Pochi giorni fa ci ha lasciato Monica Vitti. E da ogni parte si sono levate lodi alla grande attrice, all’interprete di ruoli drammatici e comici, alle sue indiscutibili capacità, all’intelligenza, all’eleganza, all’ironia. Potrei unirmi al coro, ma questo non è il luogo adatto.
“Ora ci parlerà della villa, su progetto dell’Architetto Dante Bini, che il regista Michelangelo Antonioni fece costruire per loro in Sardegna, ai tempi della loro relazione”, diranno subito i miei piccoli lettori,”ci parlerà della sua unicità, della tecnica costruttiva innovativa utilizzata per costruirla.”
E invece no.
Vi racconterò come Monica Vitti abbia cambiato la mia vita, in un pomeriggio di quasi trent’anni fa.
Era appena uscito il suo libro, intitolato “Sette sottane” e lei era ospite di una trasmissione televisiva di cui non ricordo il nome, onestamente. Spiegò la ragione del titolo, risalente a un episodio della sua infanzia in cui aveva orgogliosamente mostrato a un’amica di famiglia i sette strati con cui la madre usava vestirla per proteggerla dal freddo.
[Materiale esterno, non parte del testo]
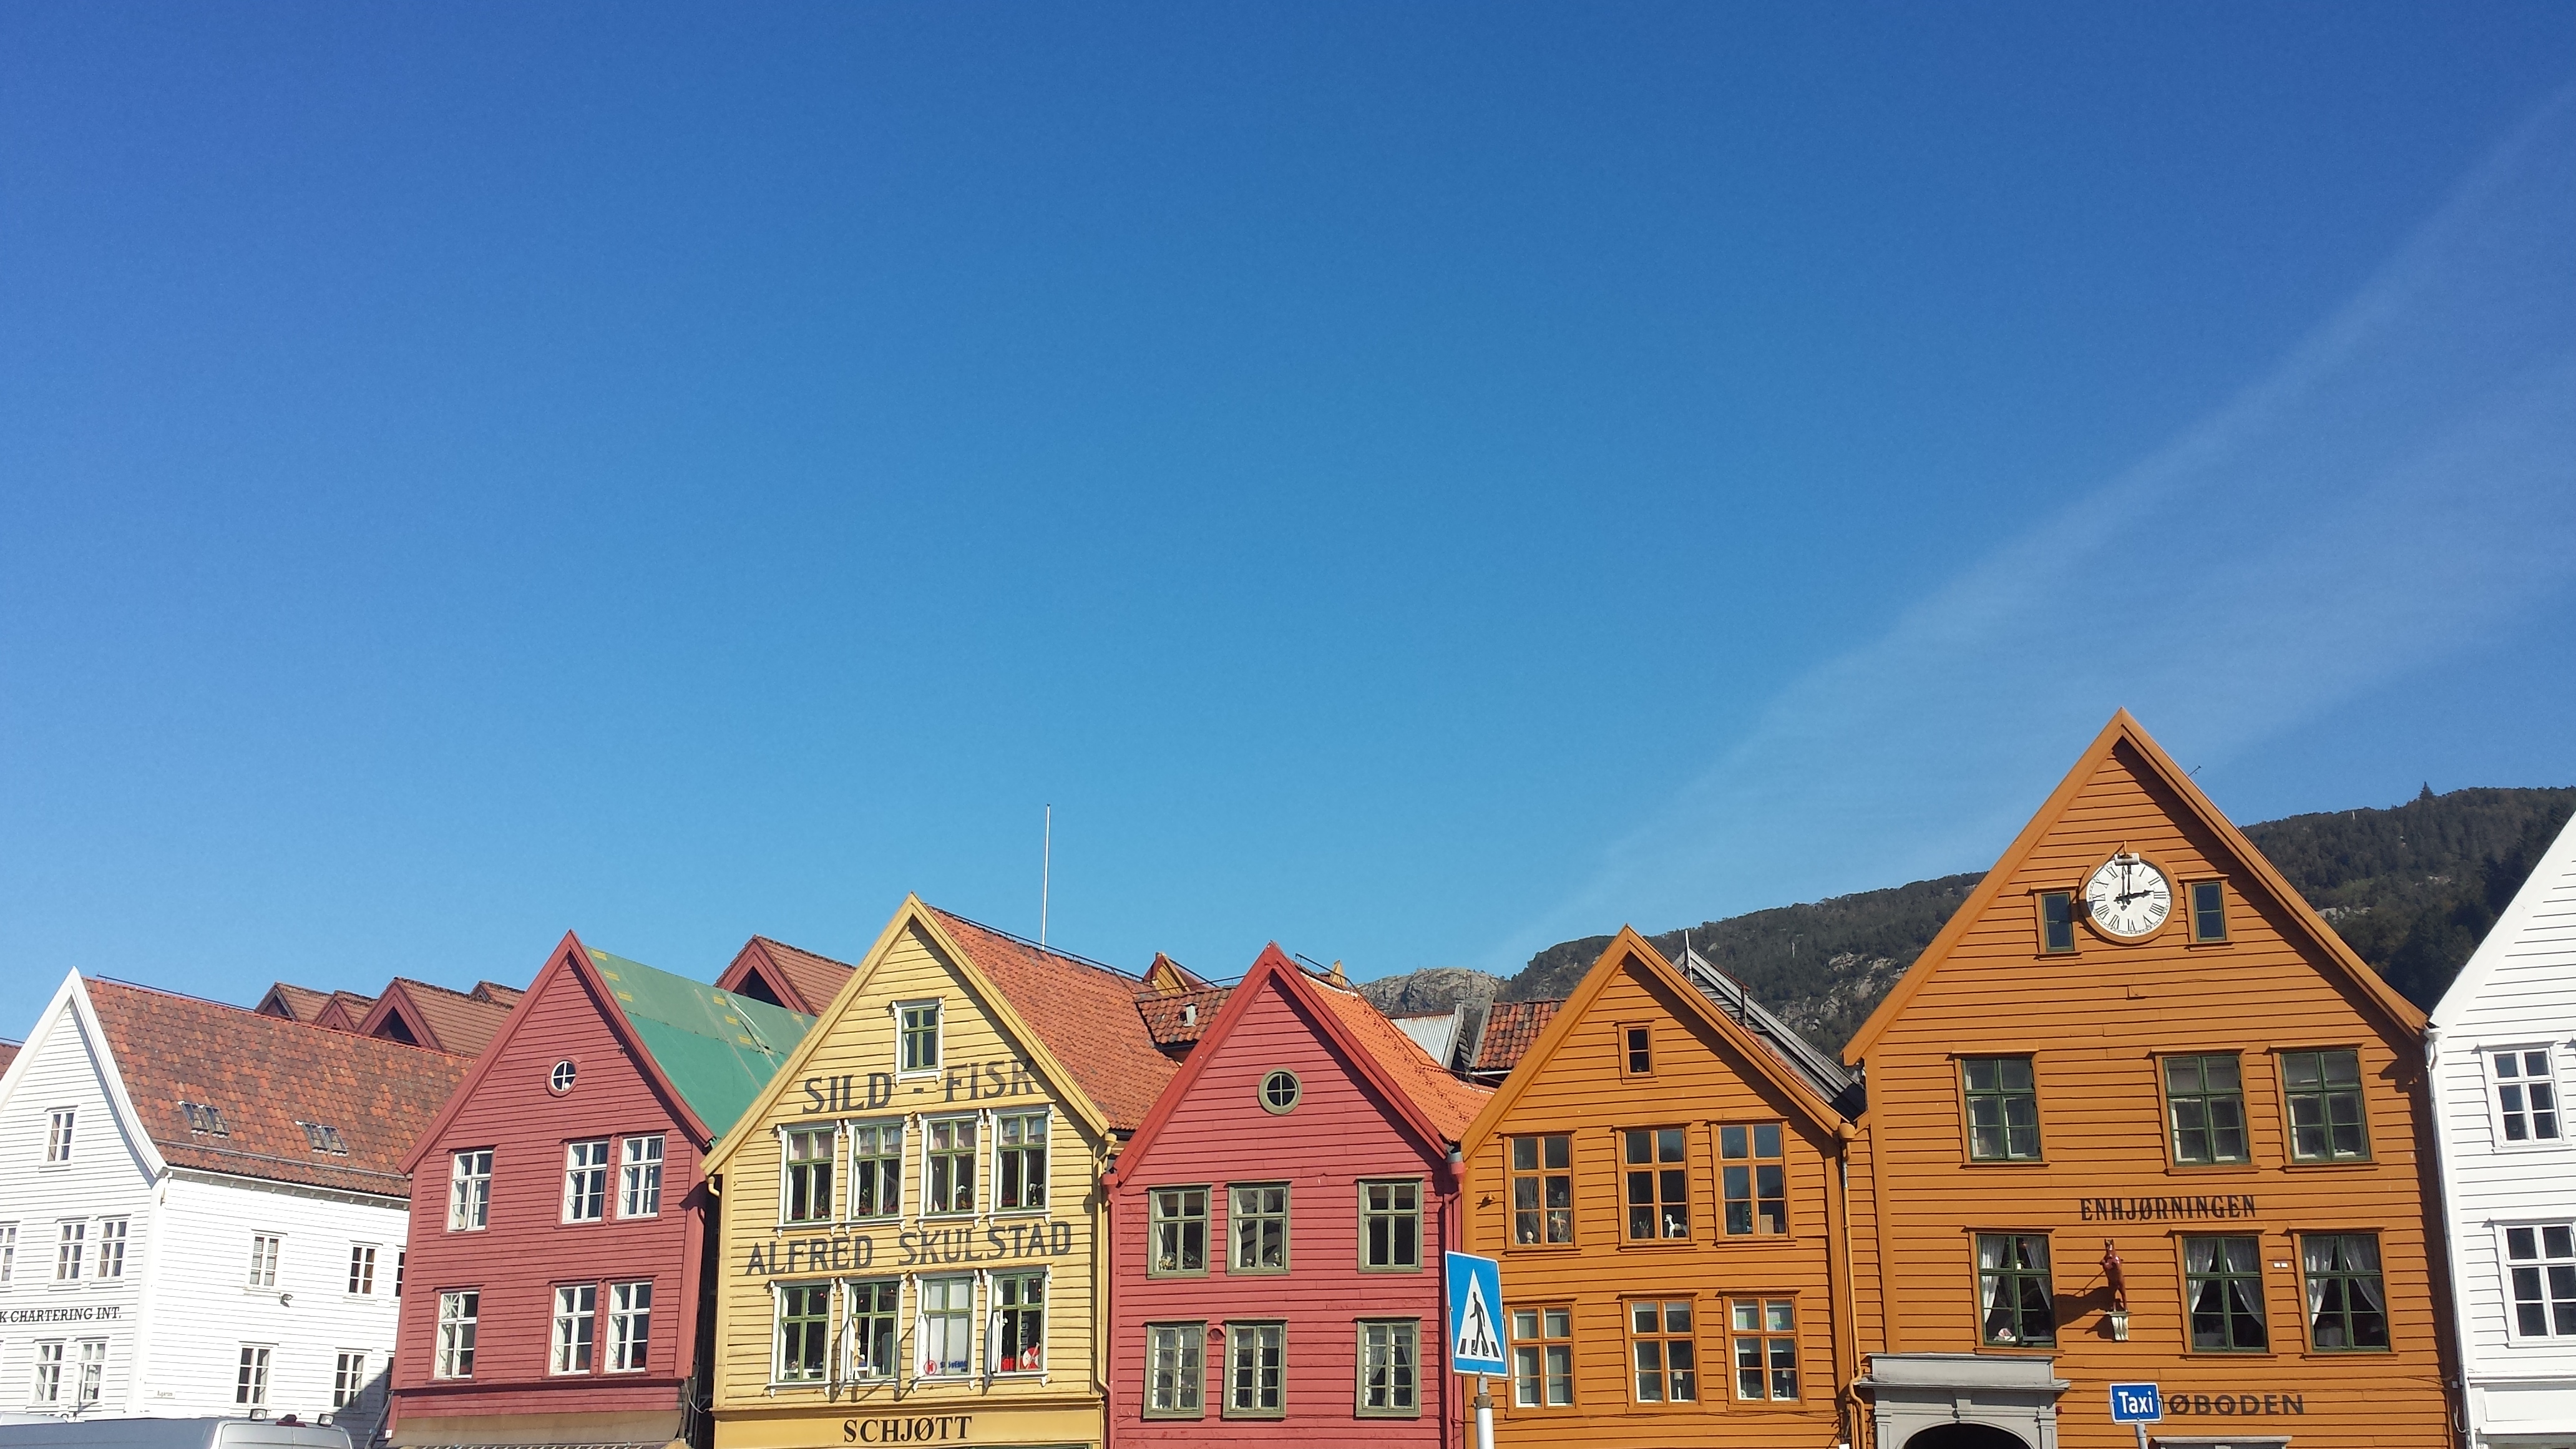 Exploring the tiny streets of Bergen, Norway

Nel corso dell’intervista non potè mancare il riferimento alla sua relazione con Antonioni, di cui la Vitti era compagna di vita e musa ispiratrice. Raccontò che, al tempo della loro relazione, avevano vissuto in due appartamenti situati uno sopra l’altro, collegati da una scala interna. Ciascuno di loro aveva la propria casa, i propri spazi, i propri oggetti.
All’epoca, frequentavo il primo anno dell’università. Benché avessi giudicato folle il discorso che il mio professore di composizione ci aveva fatto durante la prima lezione (<voi dovete pensare architettura, camminare architettura, mangiare architettura>), non potei esimermi dal tradurre quelle sue parole in termini di relazione tra persone e ambiente.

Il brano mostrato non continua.